Development of the Adenoviral CRISPR/Cas9 System for Quail.

In our previous research, the commercially available mammalian CRISPR/Cas9 vector (lentiCRISPR v2; Addgene) was modified for greater expression of guide RNA (gRNA), and Cas9 in avian cells and the modified CRISPR/Cas9 vector successfully induced multiple insertion/deletion mutations in quail myogenic cells (10). In the vector, a quail 7SK (q7SK) promoter was inserted as a new RNA polymerase III promoter for the expression of gRNA, and a chicken β-actin hybrid (CBh) promoter was used to express the Cas9 gene (10). The melanophilin (MLPH) gene was selected as the target gene because melanophilin functions in melanosome transportation (11) and knockout of the MLPH gene were expected to affect feather pigmentation (12, 13), a modification visible in the phenotype. To knockout all known transcript variants of the Japanese quail MLPH gene, gRNA was designed to match sequences in exon 2, which is a component of all variants (SI Appendix, Fig. S1). To achieve highly acceptable on-target scores and minimal off-target frequencies, potential gRNAs were rigorously preselected using the procedures that are subsequently described. Initially, there was detection of the highly desirable on-target scored gRNAs, using the CRISPR design technique (https://zlab.bio/guide-design-resources). The relatively lesser off-target frequencies of the potential gRNAs were subsequently screened using the BLAST Genome search of the Japanese quail genome sequence (Coturnix japonica 2.0 assembly; GenBank Assembly ID GCA_001577835.1) in the PubMed Genome database (https://www.ncbi.nlm.nih.gov/genome). These optimized gRNA and Cas9 expression cassettes were subsequently integrated into the commercially available adenoviral shuttle vector (Adeno Cas9; Addgene) (14).

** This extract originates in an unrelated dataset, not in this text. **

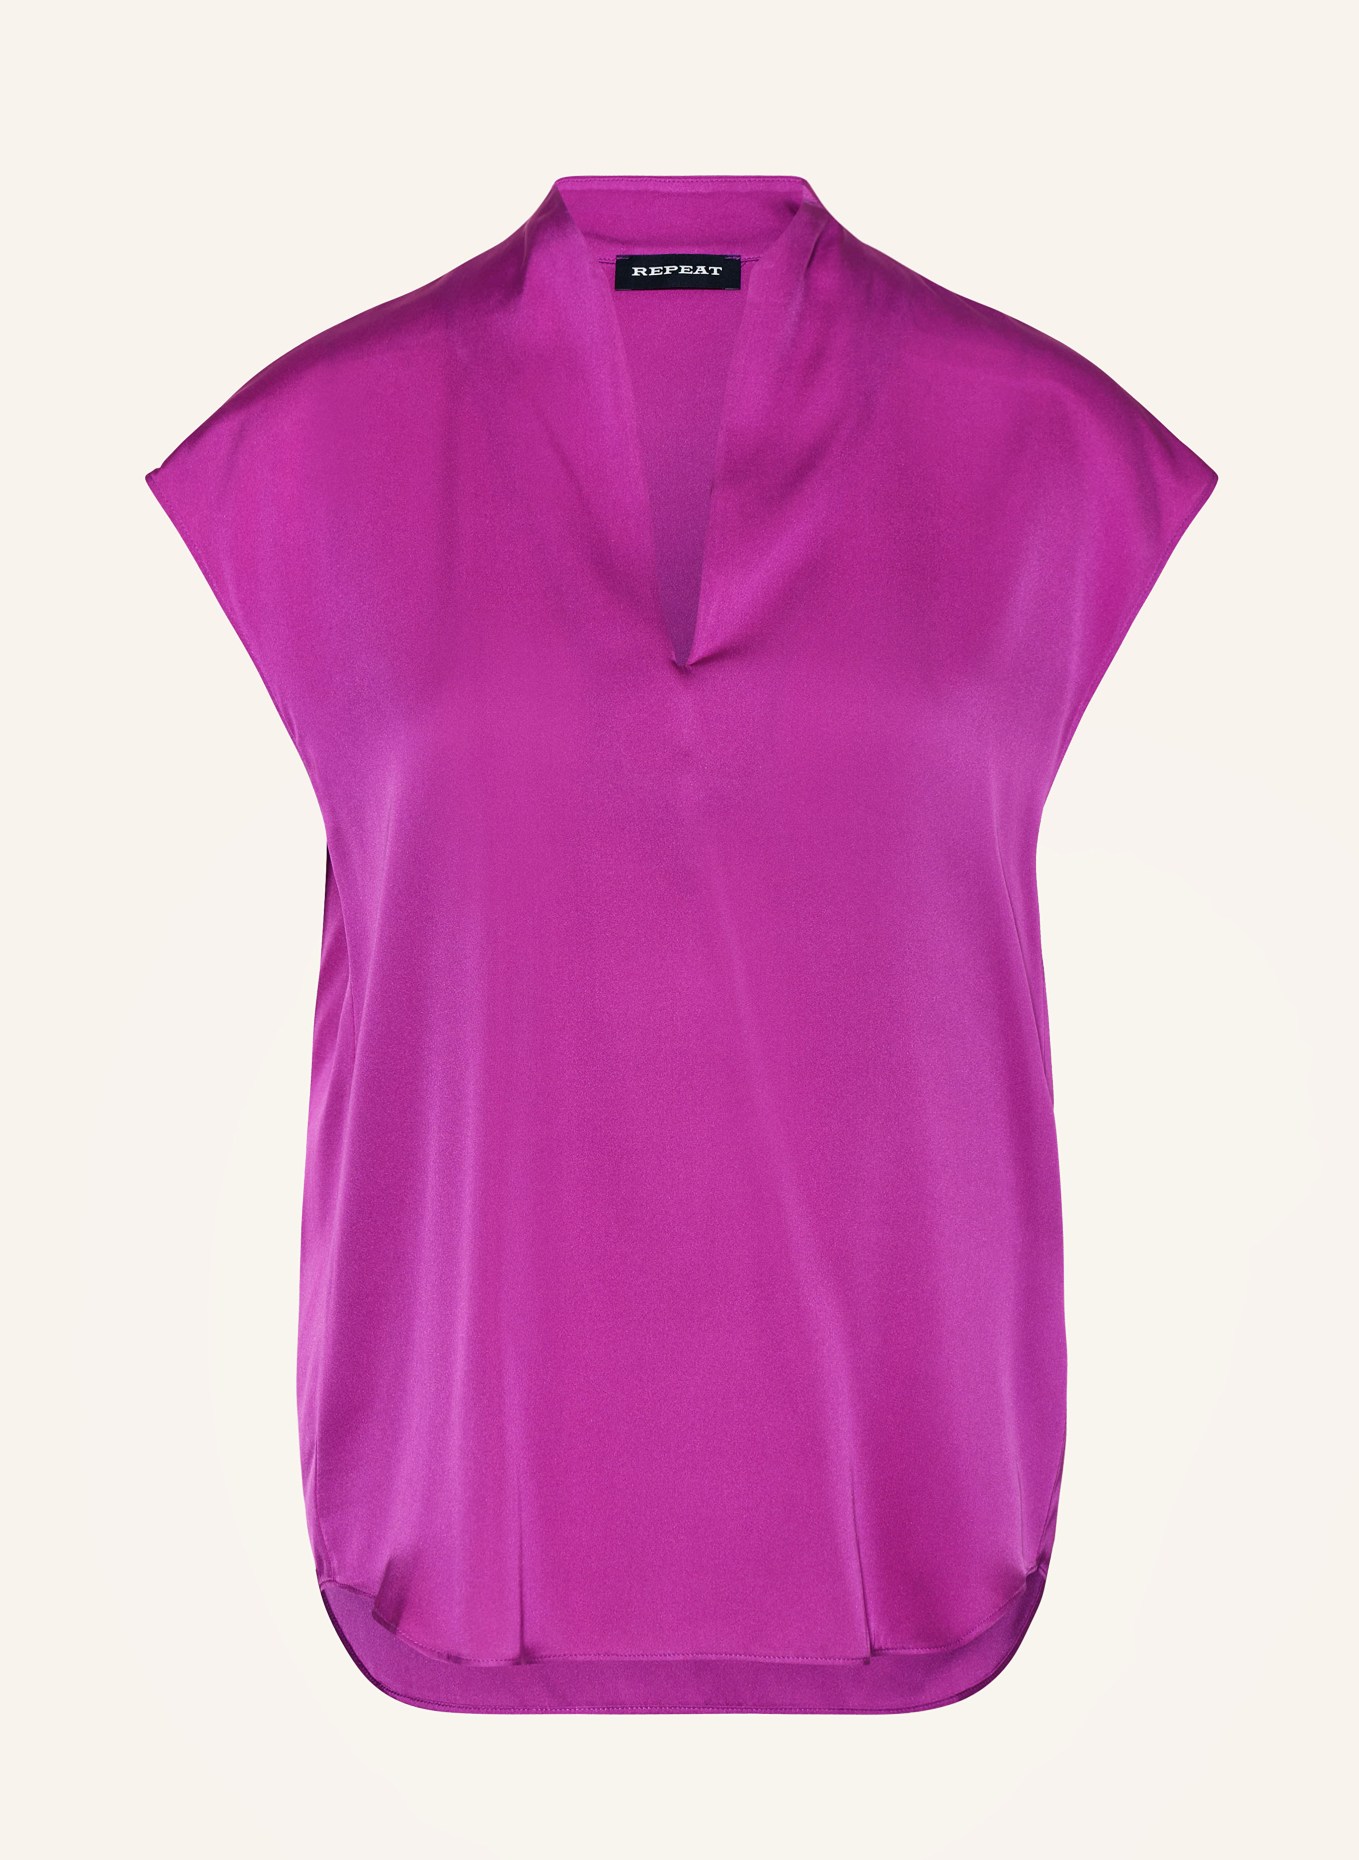 REPEAT Silk top, Color: FUCHSIA (Image 1)

Generation of MLPH Mutant Quail.

After the production of the recombinant adenovirus type 5 containing the CRISPR/Cas9 vector, the adenovirus was injected into the subgerminal cavity of the quail blastoderm at Eyal-Giladi and Kochav (EGK) (15) stage XI (Fig. 1A). Eleven chimeras (G0) were hatched from 100 injected quail eggs. The germline mutation and transmission of the chimeras were subsequently assessed by breeding chimeric quail with wild-type quail and evaluating the genotype of the offspring (G1) from each line. From the 11 lines, there were 5 chimeric quail that produced MLPH heterozygous mutant (MLPH+/−) quail, resulting in a 45% success rate of generating chimeras with germline transmissible mutations. The efficiencies of germline transmission derived from each chimeric quail ranged from 2.4% to 10% (Table 1). Notably, one chimera produced progeny with 2 different MLPH mutations, indicating there was germline chimerism. A total of 6 different MLPH mutant genotypes were verified using the Sanger sequencing analysis after PCR amplification of the target region (Fig. 1B). To generate MLPH homozygous mutant (MLPH−/−) quail (G2), male and female MLPH+/− quail (G1) were subsequently mated (Fig. 1A). An obvious phenotypic difference was apparent, with MLPH−/− quail exhibiting gray plumage compared with dark brown plumage exhibited by the wild-type and MLPH+/−quail (Fig. 2).

Fig. 1.

Fig. 1.

Generation of targeted gene knockout quail using adenovirus. (A) Schematic representation of research plan. gRNA of the MLPH gene was selected from exon 2, and the adenoviral CRISPR/Cas9 vector was constructed. Recombinant adenovirus was subsequently produced and injected into the quail blastoderm. Chimeras (G0) were maintained and mated with wild-type (WT) quail to produce G1 quail with a heterozygous genotype of the MLPH gene (MLPH+/−). Male and female G1 MLPH+/− quail were subsequently mated to generate G2 quail with a homozygous genotype of the MLPH gene (MLPH−/−). After production of the recombinant adenovirus, it took a total of 10 wk, 2 wk for egg incubation after virus injection and another 8 wk for sexual maturation, to receive eggs from G0 quail. After G1 quail hatched, the MLPH+/− quail were screened and mated to produce G2 offspring 8 wk later. Fully grown G2 offspring were obtained for further experiments 26 wk after the injection of the adenovirus. (B) Sanger sequencing chromatograms of G1 MLPH+/− quail. Dashed lines indicate the starting point of the mutation, and the deleted or inserted nucleotides are underlined. The PAM sequences are highlighted in gray. Nucleotide sequences are presented in a negative direction.

Table 1.

Efficiency of germline transmission derived from chimeric quail

Chimeric quail ID Number of MLPH mutant offspring (%) Genotype of mutant offspring
9339 1/19 (5.3%) 2 bp deletion
9341 2/34 (5.9%) 6 bp deletion, 1 bp insertion
9343 1/10 (10%) 1 bp deletion
9347 1/41 (2.4%) 8 bp deletion
9348 1/36 (2.8%) 3 bp deletion

Fig. 2.

Fig. 2.

Phenotypic and genotypic comparison of G2 offspring. (Left) WT and MLPH+/− quail with dark brown plumage and MLPH−/− quail with gray plumage without any change in plumage pattern. (Right) DNA sequencing chromatograms of MLPH+/− and MLPH−/− quail, which indicate there is a one base pair deletion of one allele and both alleles, respectively. Dashed line indicates the point where one base pair deletion occurred. The PAM sequences are highlighted in gray. Nucleotide sequences are presented in a negative direction.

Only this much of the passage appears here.